23:33 there’s another lovely pattern that’s easy to miss in this table; look at the antidiagonals. See anything familiar?

13:27 In 1,023 moves, moving the smallest disc every other move means we're moving it 512 times, which is 2 (mod 3). So we need to move it counter-clockwise (A -> C -> B -> A) to make sure it ends at B. In general, 2^(n-1) is 1 (mod 3) if n is odd and 2 (mod 3) if n is even, so we should move the smallest disc clockwise if n is odd and counter-clockwise if n is even.

After checking a feel cases, I think that to get the tower from A to B, you start by moving the smallest disc to: • C, if there are 2n discs; • B, if there are 2n+1 discs.

If the tower has an odd number of discs, first move the smallest to the place you want the tower to end up. If even, move to the space you don't want the tower to end. Then just consistently follow the direction you moved the smaller disc to (clockwise/counterclockwise if arranged as a triangle, to the left/right with wraparound if arranged in a line).

So happy to see a new video.

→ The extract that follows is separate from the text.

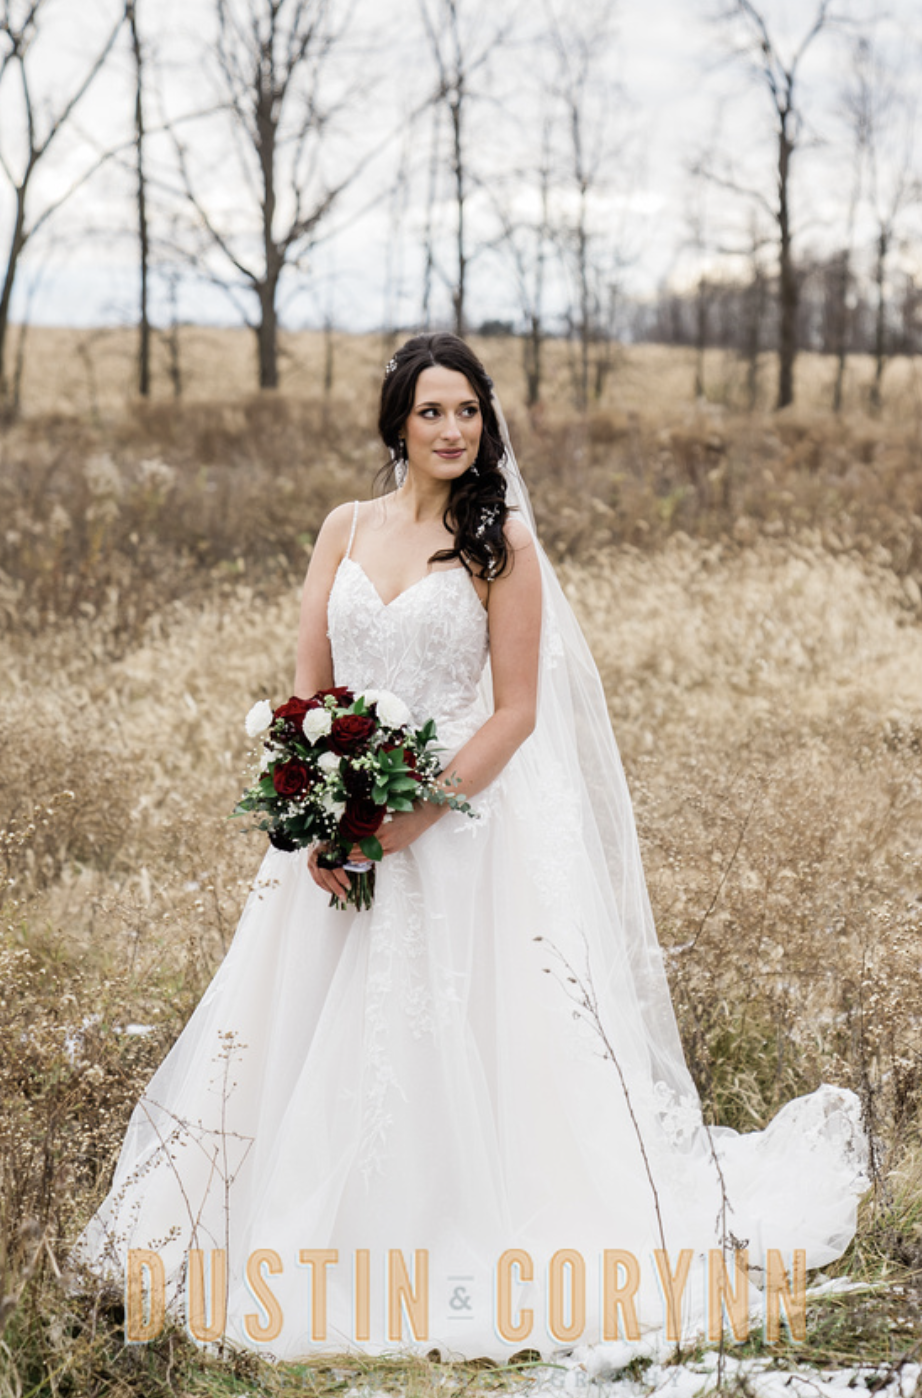 bride wearing strapless wedding gown holding bridal bouquet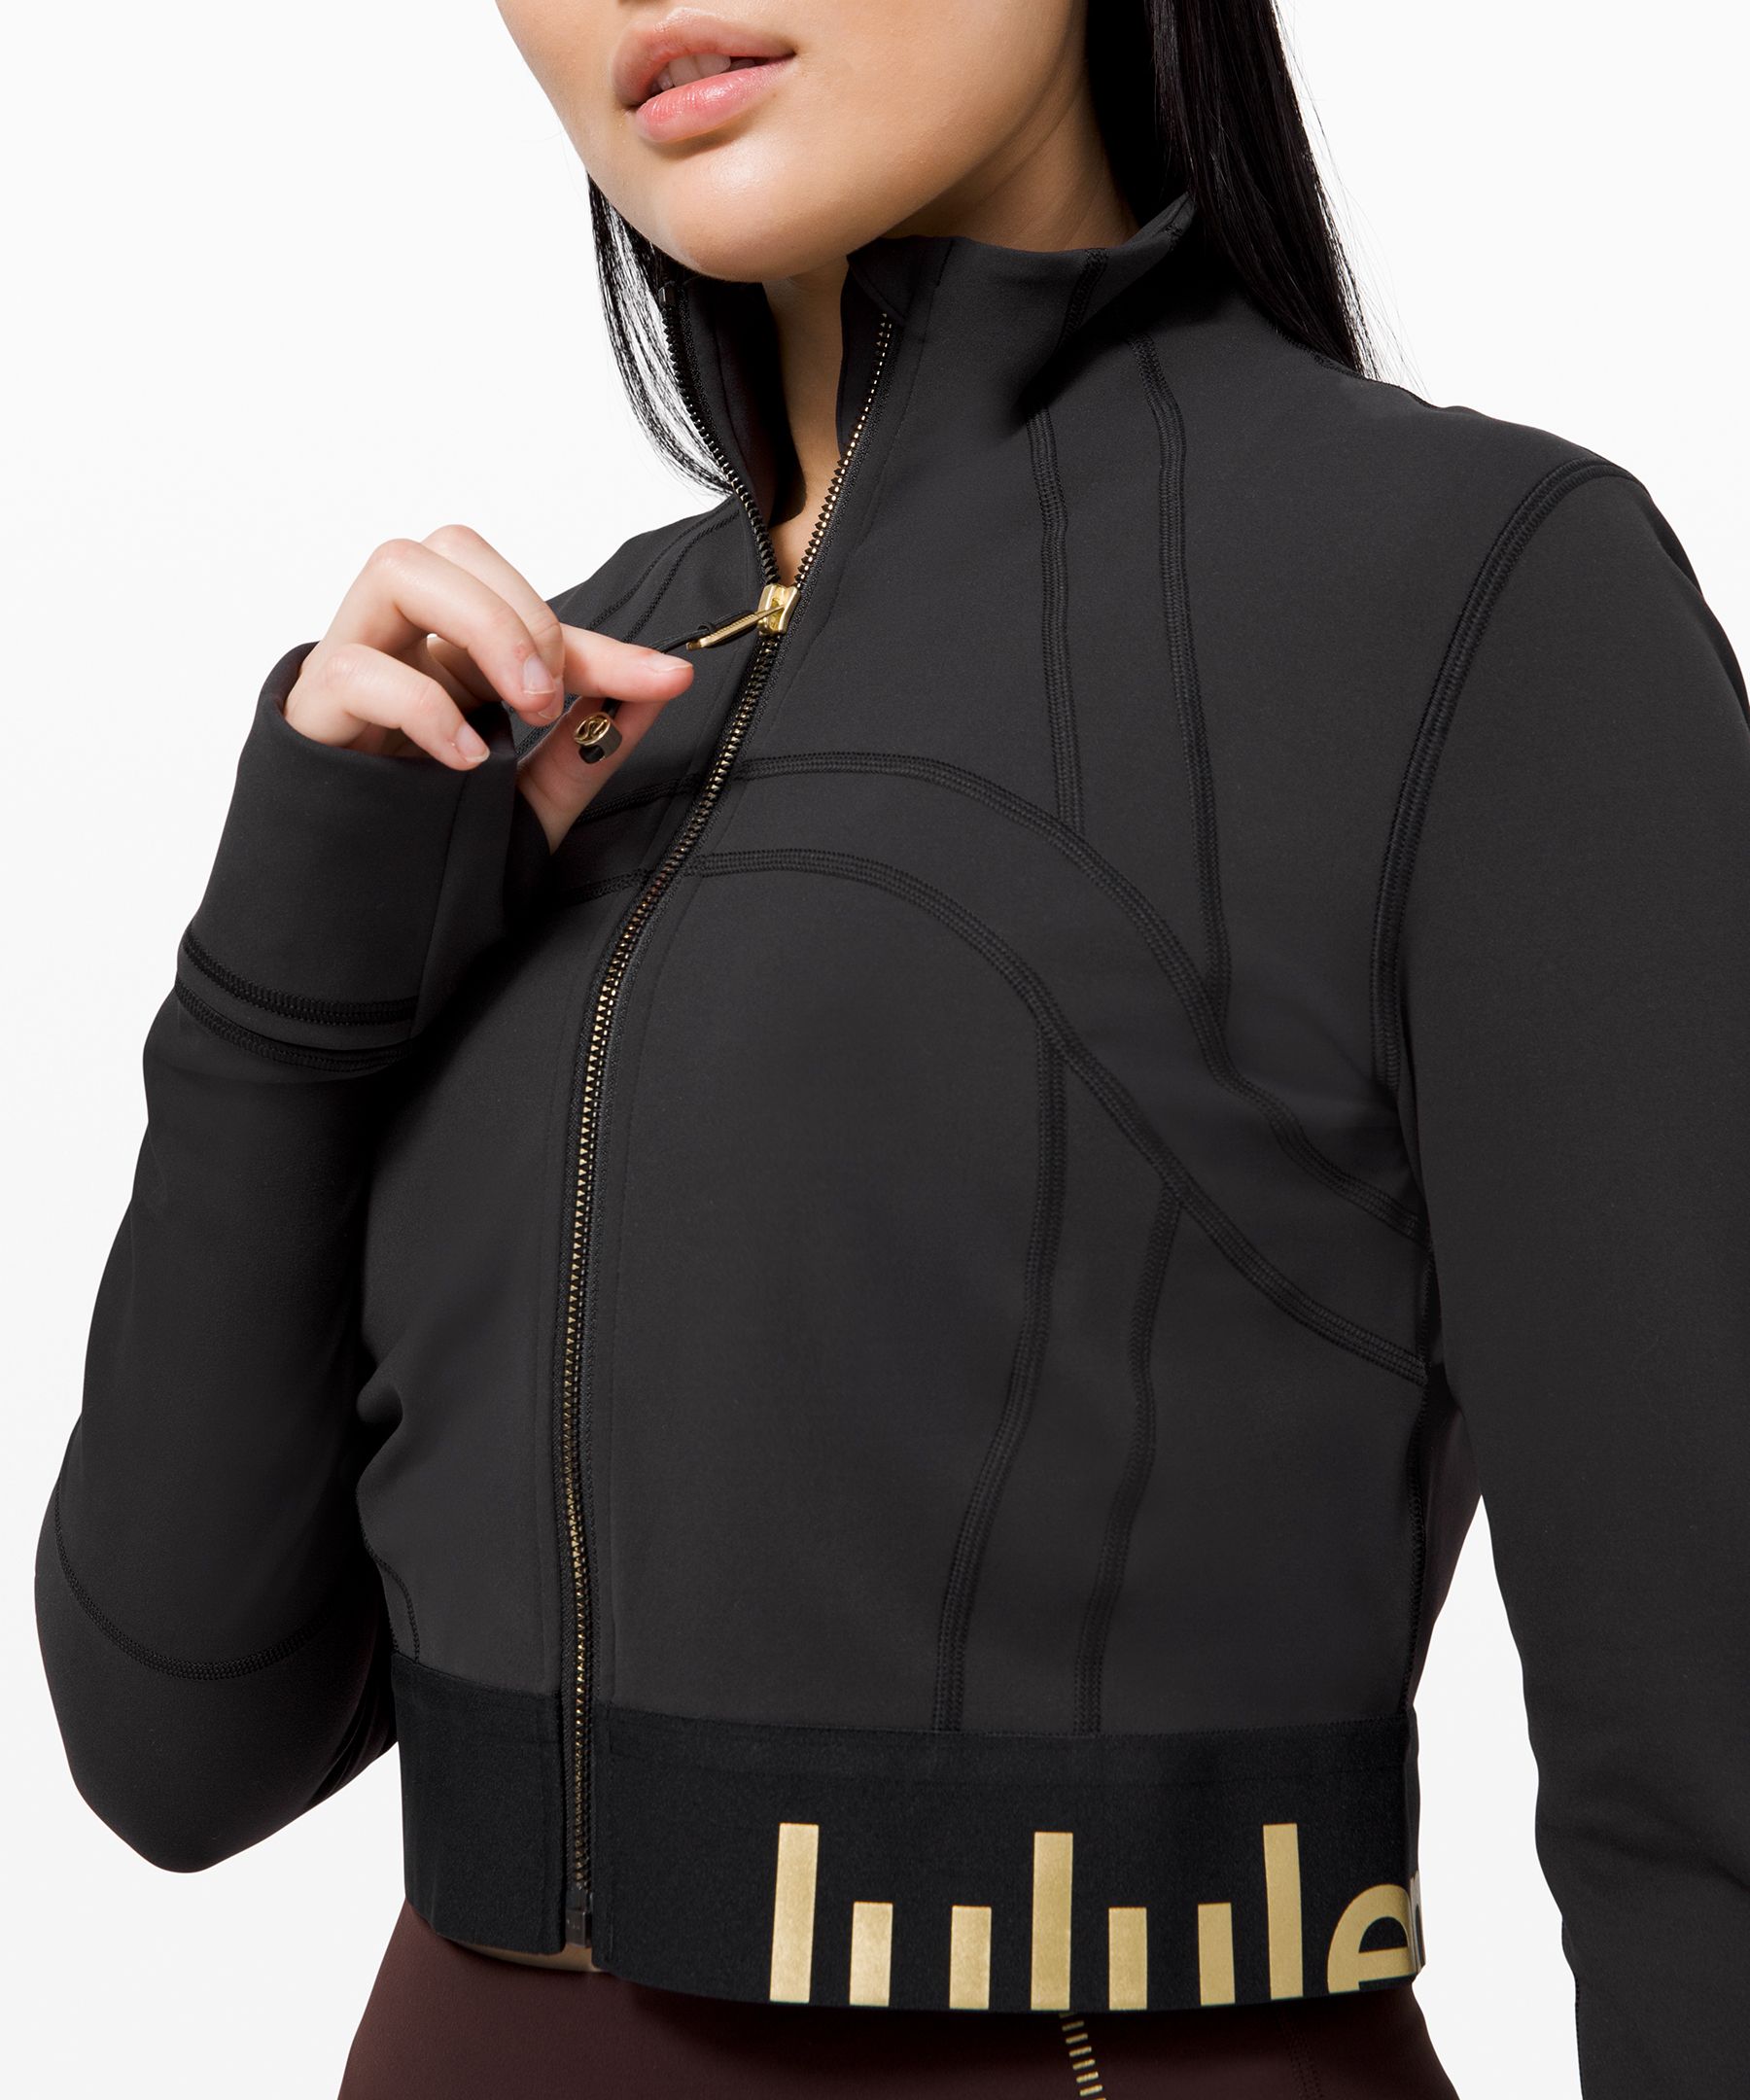 Why Lululemon's Define Jacket Is Going Viral On TikTok

I was really upset when you didn't upload in February.

The toy maker himself wouldn't expect this video to come out one day during that time

In 1983 I got a Commodore 64 for my 8th birthday. My dad got some 5-1/4" floppy disks full of public domain BASIC games and one of them was Tower of Hanoi. That was the last time I heard of Tower of Hanoi. 🙂

These are some of your most visually satisfying animations to date, which is really saying something!

Increbile, the amount of astractions one's mind can demarcate around a given subject. Just wow, maths is beautiful

The Toymaker is Hanoi'ing me again.

I checked your channel three times this week, I was expecting this, LET'S GOOOOO

I figured out best solution for tower of hanoi when i was 6... My dad gave to me tower of hanoi puzzle with 8 peaces and so that i don't bother him said that i should find best solution and left me like that, and then was very surprised that 3 hours later i came to him and said "255", he already even forgot that he gave me the puzzle, but back in those days i figured out the recursive solution to tower of hanoi which impressed my father quite a bit... I was always good with recursive algorithms...

For n disks, the shorthand trick I remember is that odd heights start by moving the small disk to the destination peg and even starts by moving it to the intermediate peg.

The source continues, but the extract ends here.